I'm taking a wild guess that you've never built any circuits yourself.
I'm taking a wild guess that you completely ignored the subject of the thread to start an electronics engineering pissing contest?
Do you really trust the results of any computing system, no matter how it's designed, when it has pathetic memory integrity compared to ancient technology?
That is not a product. This is research.
And you would have been there shitting on magnetic core memory when it came out. But without that we wouldn't have the more advanced successors we have now.
Nah, core memory is alright in my book, considering the era of technology anyways. I would have been shitting on the William's Tube CRT Memory system..
https://youtube.com/watch?v=SpqayTc_Gcw
Though in all fairness, at the time even that was something of progress.
Doubt.
Core memory loses information on read and DRAM is only good while power is applied. Your street dime will be readable practically forever and your abacus is stable until someone kicks it over.

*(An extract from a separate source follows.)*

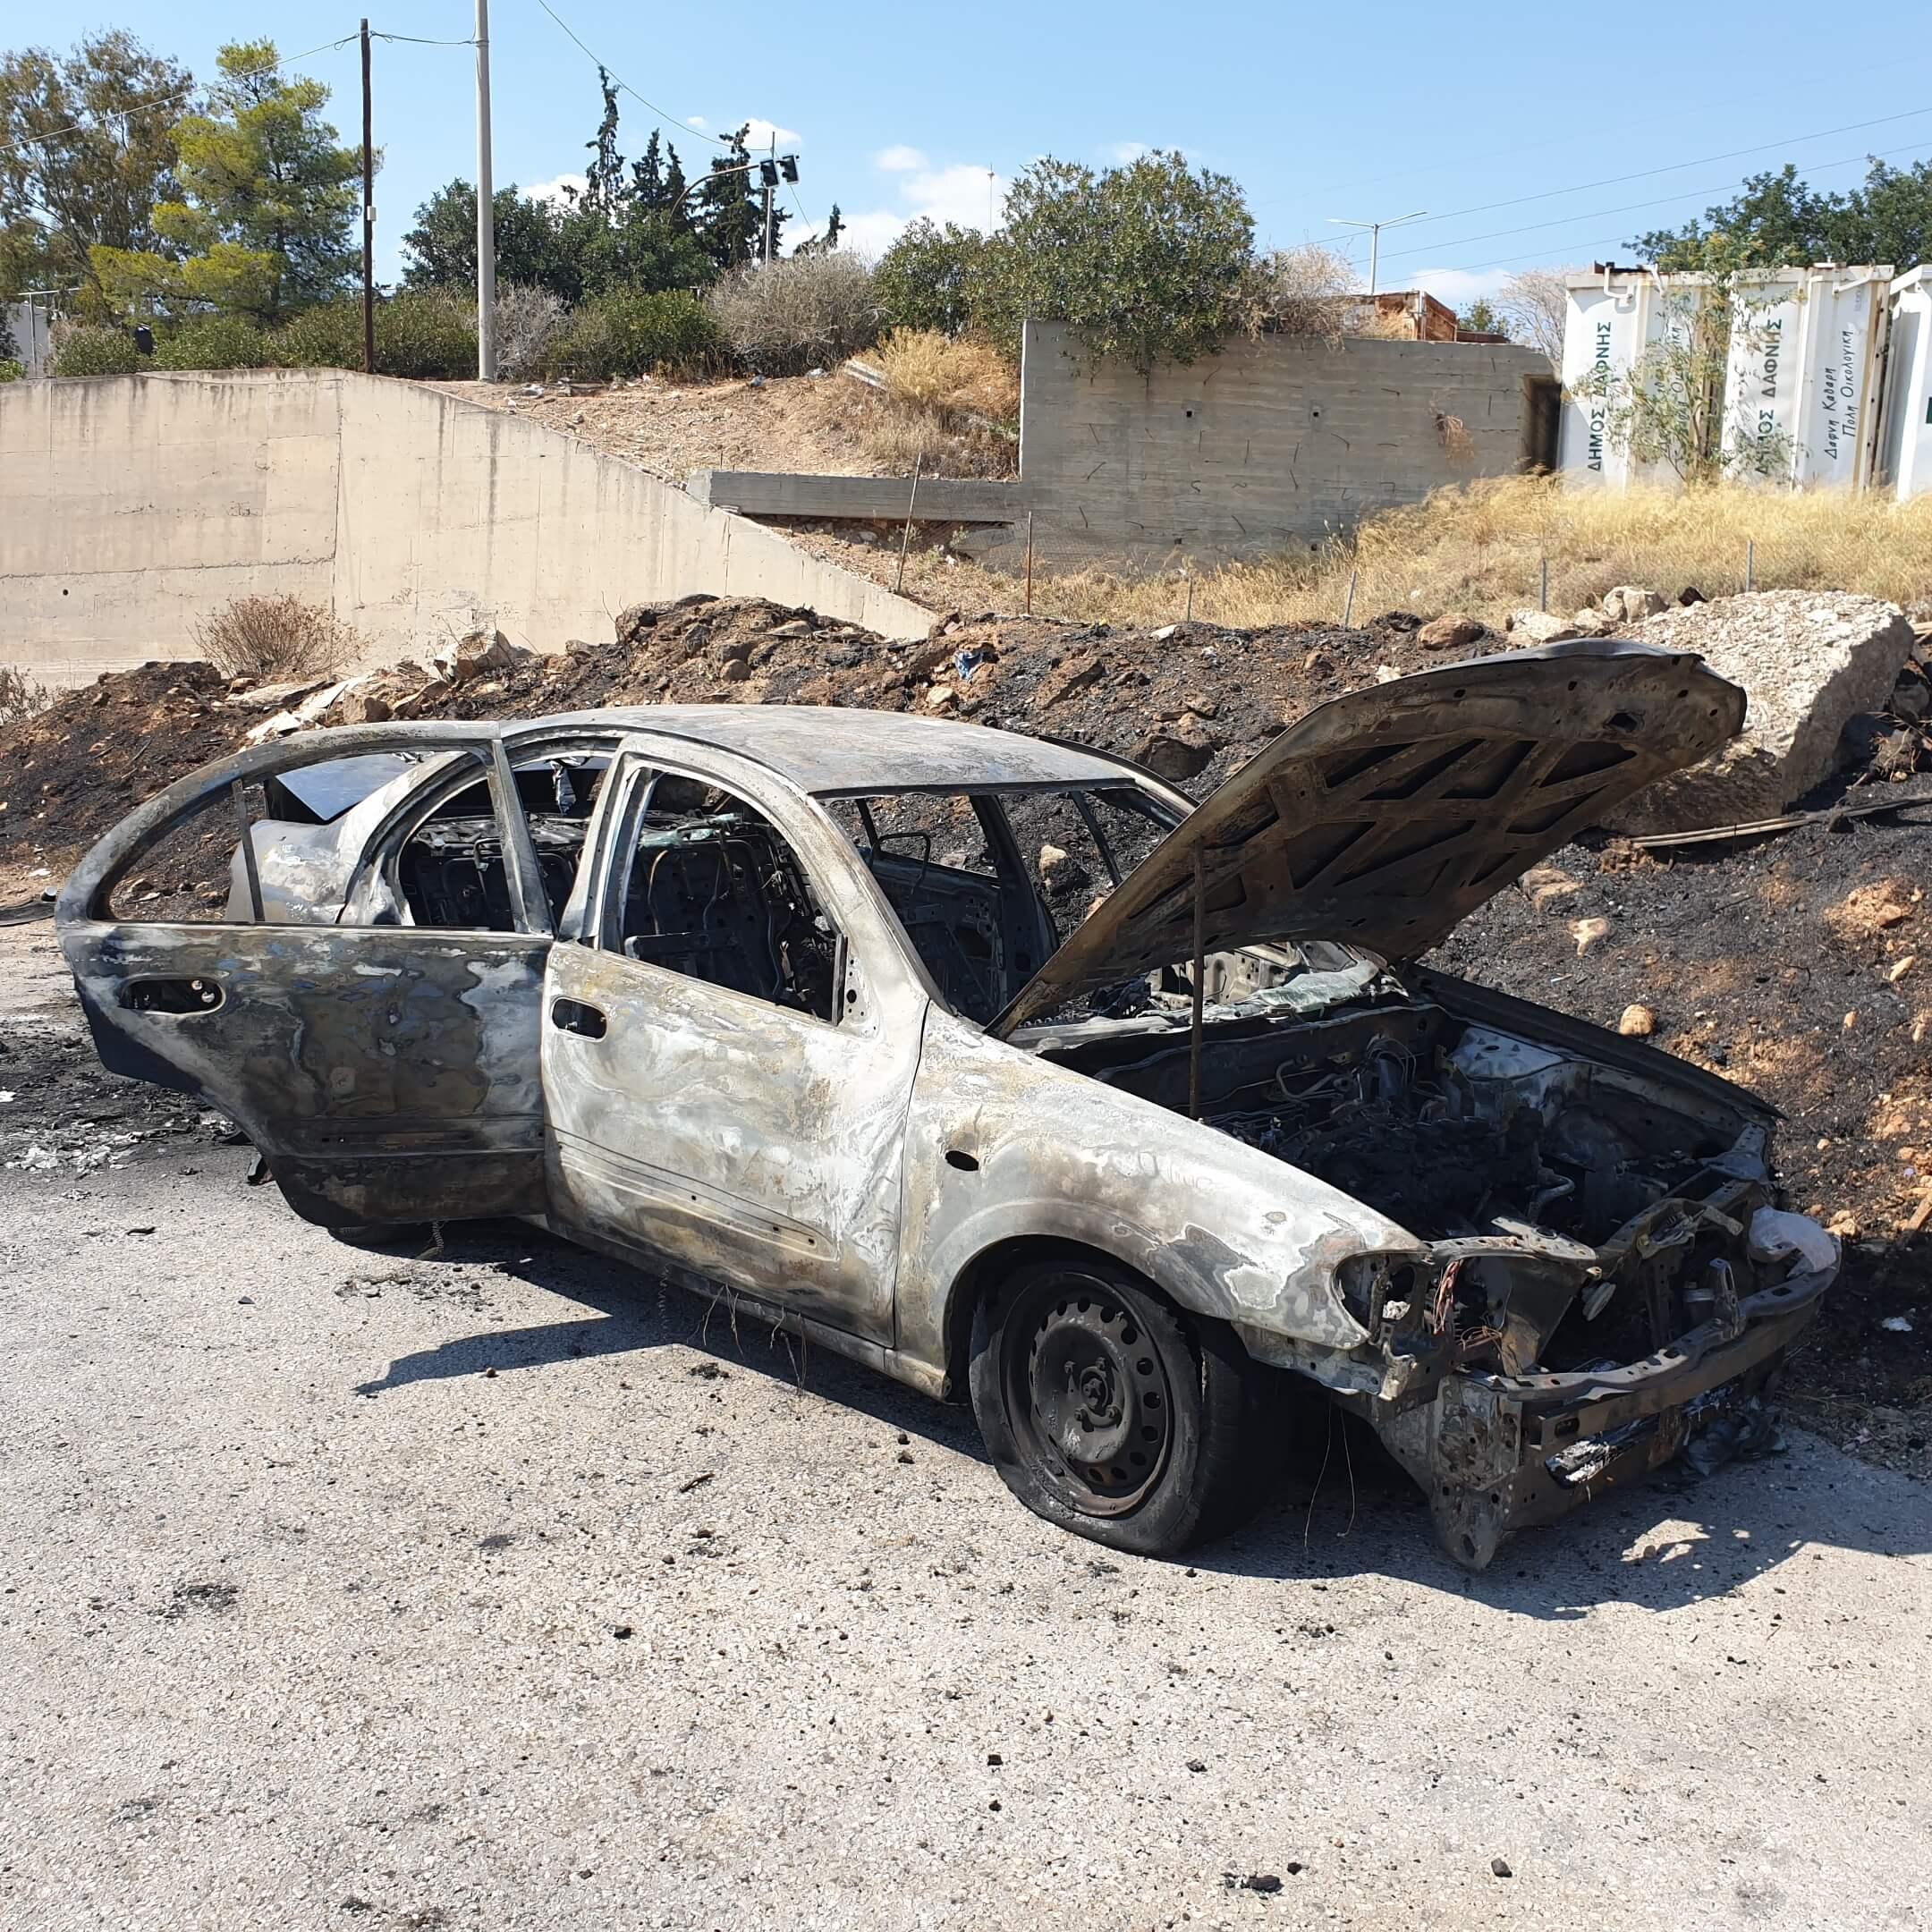 Βρέθηκε καμένο το αμάξι του δολοφονημένου Περαματιώτη (photos)
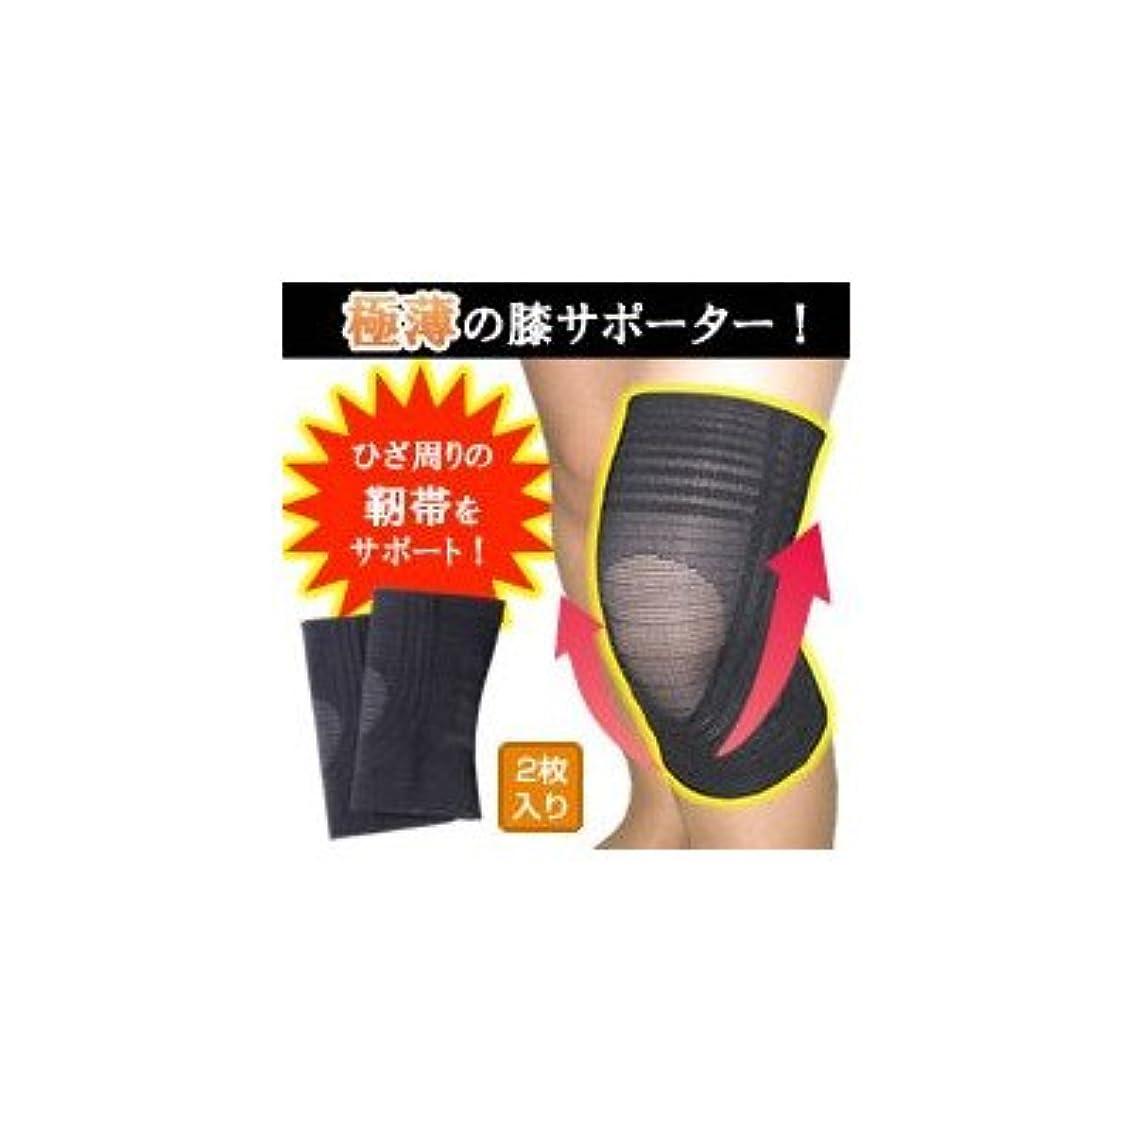 純正ギャザー干渉する縁の下の膝靭帯サポーター M( 画像はイメージ画像です お届けの商品はMのみとなります)

You're not the arbiter of what technology is "good enough" to warrant spending money on.
Core memory is also designed to accomodate for that and almost instantly rewrite the data back to memory. That in itself might be a crude form of 'error' correction, but it still lasts way longer than an hour.
Granted that quantum computers are a different beast of their own, how much digital data does a qbit actually store? And how does that stack up in price per bit comparison?
If they already know quantum computers are more prone to memory errors, why not just use reliable conventional RAM to store the intermediate data and just let the quantum side of things just be the 'CPU', or QPU if you like?
I dunno, it just makes absolutely no sense to me to utilitze any sort of memory technology that even with error correction still manages to lose information faster than a jumping spider's memory?